Zing Forum

Reading

Unhosted: An Open-Source Framework for Distributed AI Inference on Personal Hardware

Unhosted is an open-source project written in Rust, designed to enable users to run large language model inference on their own devices without relying on cloud APIs. The project proposes a three-tier trust radius architecture: Local Mode, Trusted Node Mode, and Public Swarm Mode, achieving true data privacy and computational autonomy.

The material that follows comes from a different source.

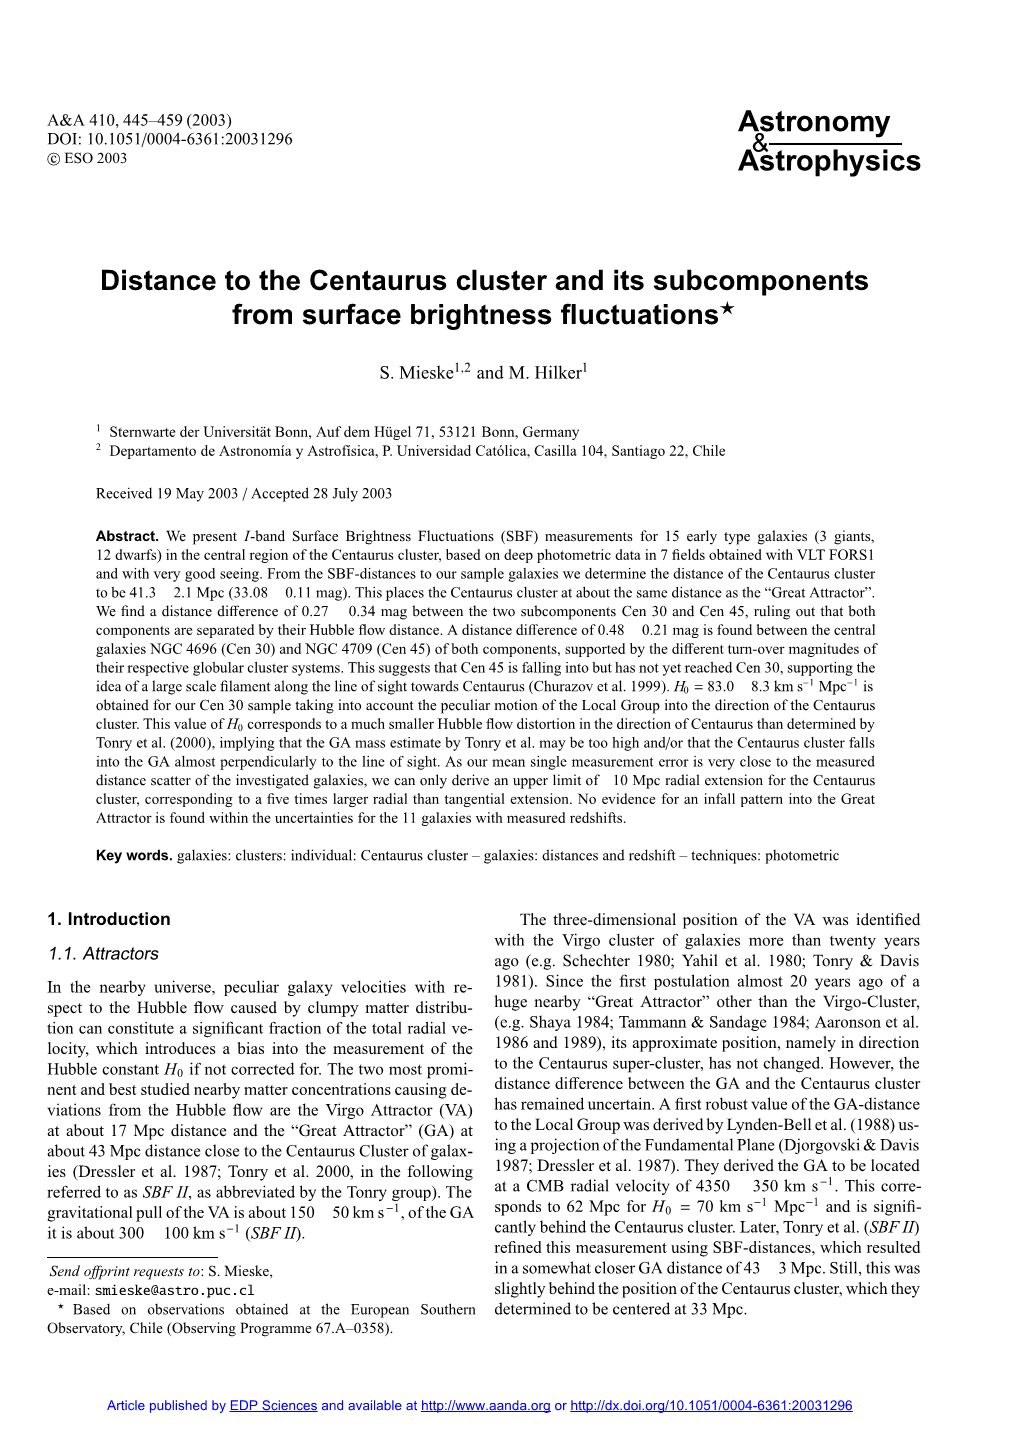 Distance to the Centaurus Cluster and Its Subcomponents from Surface Brightness ﬂuctuations
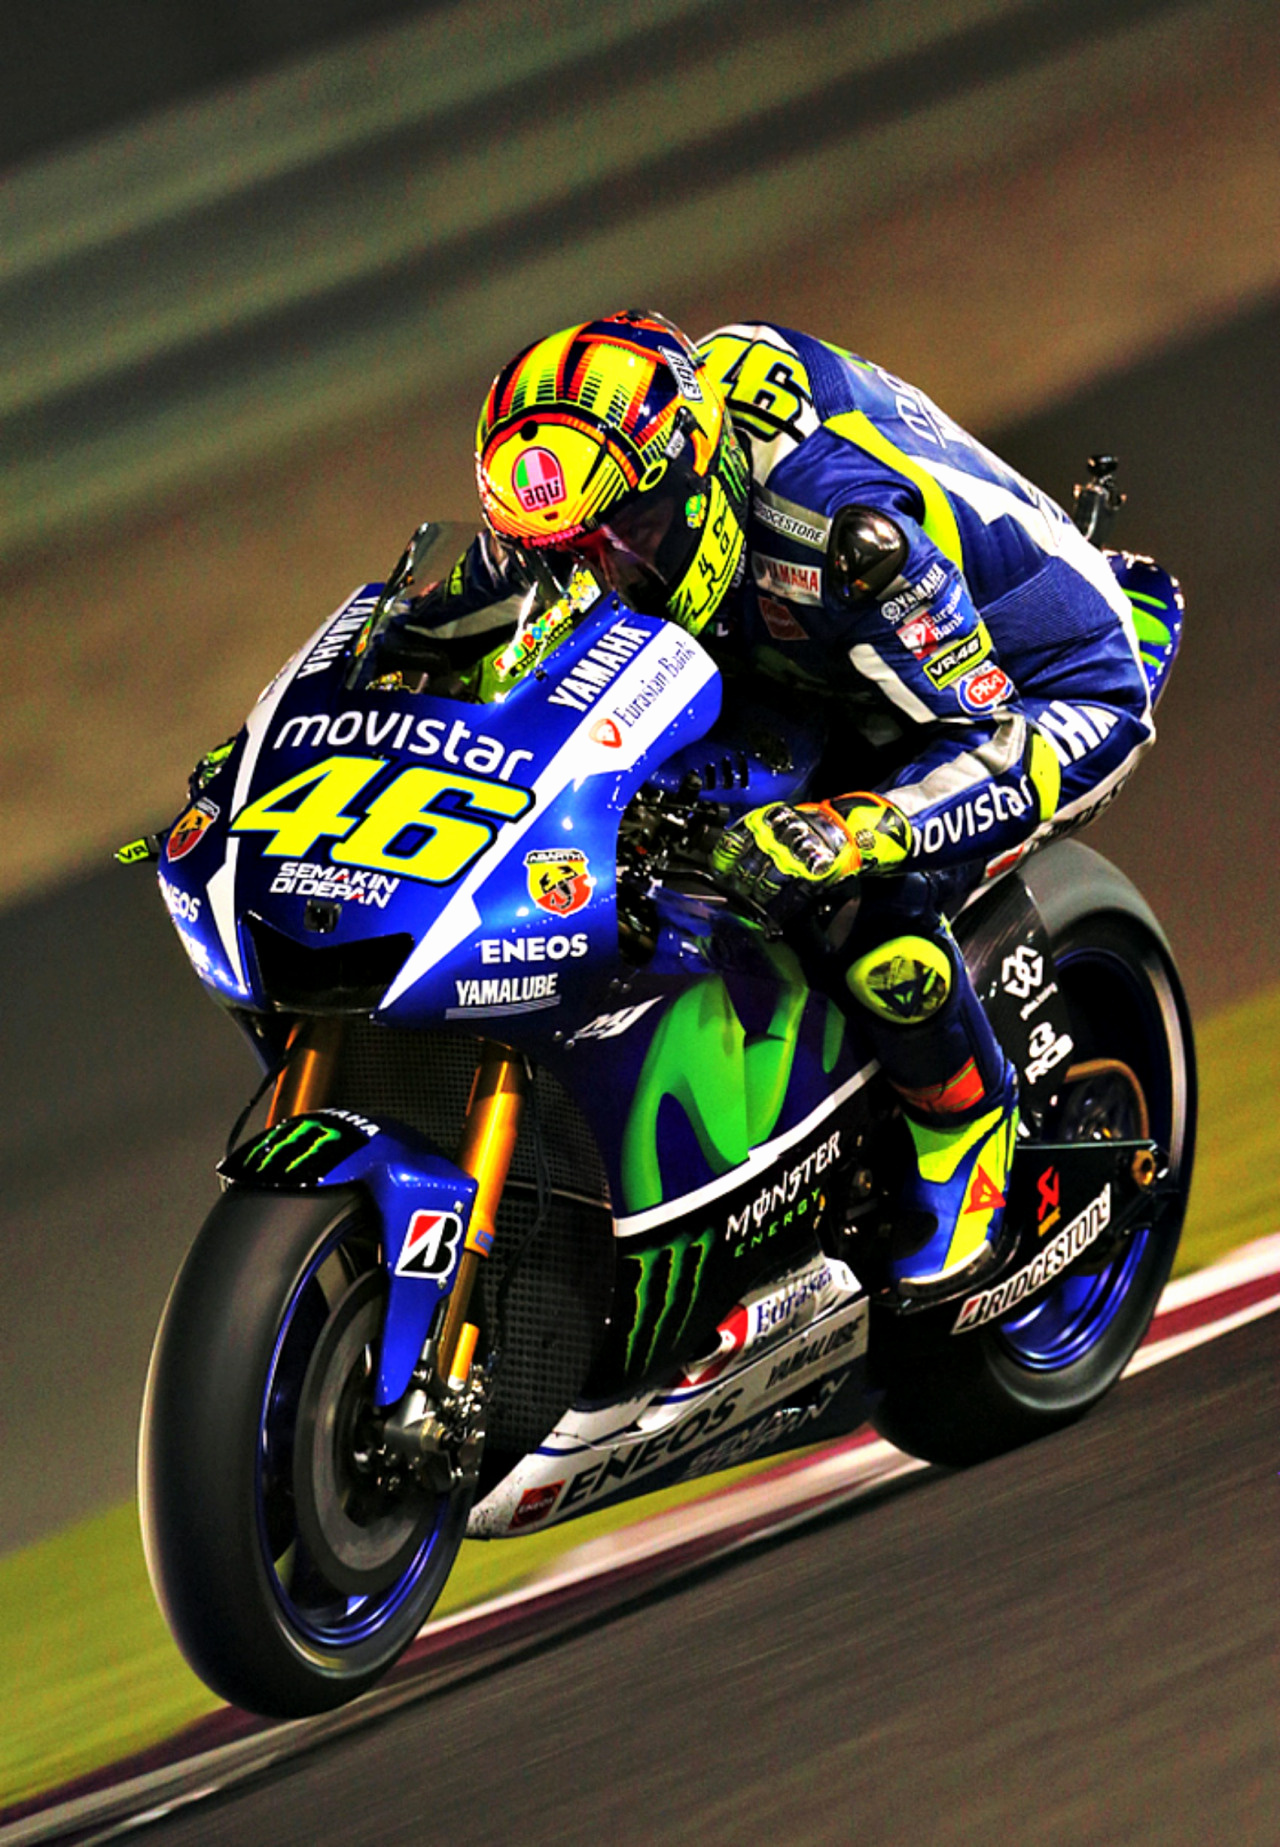 Valentino Rossi Wallpaper Cell Phone - Hd Wallpaper Valentino Rossi - HD Wallpaper

分布式推理本地AIRust隐私保护开源llama.cpp去中心化
Published 2026-05-13 02:41Recent activity 2026-05-13 02:50Estimated read 5 min
Unhosted: An Open-Source Framework for Distributed AI Inference on Personal Hardware
1

Section 01

Unhosted: Introduction to the Distributed Inference Framework for Running AI on Personal Hardware

Unhosted is an open-source project written in Rust, aimed at allowing users to run large language model inference on personal devices without relying on cloud APIs. Its core philosophy is "AI that lives where you do", achieving data privacy and computational autonomy through a three-tier trust radius architecture (Local Mode, Trusted Node Mode, Public Swarm Mode).

2

Section 02

Project Background: Addressing Privacy and Dependency Issues of Cloud AI

Currently, most AI inference relies on centralized cloud services, which have privacy risks and external dependencies. The Unhosted project was born to address this; it is developed in Rust (pre-alpha stage) and, unlike other local AI solutions, supports a distributed inference cluster architecture that can combine multiple personal devices into a unified inference endpoint.

3

Section 03

Three-Tier Trust Radius Architecture: Balancing Privacy and Computing Power Needs

Local Mode

Uses only the user's own devices, no internet connection required, inference is fully done locally, data never leaves physical control—ideal for sensitive scenarios.

Trusted Node Mode

Extends to devices in the trust circle (e.g., roommate's computer, home server), with end-to-end encrypted connections, no cost—suitable for small teams or multi-device home scenarios.

Public Swarm Mode

Calls on a public swarm composed of strangers' GPUs, charged per token using USDC, with a monthly spending cap—serving as a supplementary safety net for the first two modes.

4

Section 04

Technical Implementation and Progress: Single Machine and LAN Cluster Support Already Available

Implemented features:

  • Single-machine inference (v0.0.1, wrapped based on llama.cpp, smoke test passed on M-series Macs)
  • LAN cluster (v0.0.2, request routing + local/peer node round-robin scheduling, end-to-end verification completed)
  • mDNS node discovery and pairing (v0.0.3, one-click pairing from sidebar + hot-reload routing)
  • Model management (v0.0.3, supports short names and GGUF URL pulling) Under development: VRAM pooling, trusted node pairing (v0.1.0), Public Swarm (v0.3.0), verifiable inference (research phase).
5

Section 05

Use Cases: Covering Privacy-Sensitive and Edge Computing Needs

  • Privacy-sensitive users: Run models like Llama 70B offline to protect medical, legal, or business confidential information.
  • Hardware enthusiasts: Combine multiple devices (MacBook + RTX4090 desktop) to run larger models.
  • Edge computing: Raspberry Pi clusters run lightweight models to achieve autonomous inference.
6

Section 06

Open-Source Commitment: Transparent Development and AGPL License

Unhosted uses the AGPL-3.0 license, allowing reading, forking, auditing, and deployment, but prohibits hosting it as a paid service and claiming it as self-developed. Maintainers commit to being honest about capability boundaries (current status marked in README) and will release reproducible benchmark data instead of marketing rhetoric.

7

Section 07

Summary and Outlook: A New Direction for Distributed AI Computing

Unhosted represents a reflection on the shift of AI computing models from centralized cloud services to distributed, user-controlled architectures. Although in the early stages, its technical roadmap is clear and development attitude is honest—it is a promising option for users concerned about AI privacy and breaking away from cloud dependencies, and is expected to become an important infrastructure for local AI inference in the future.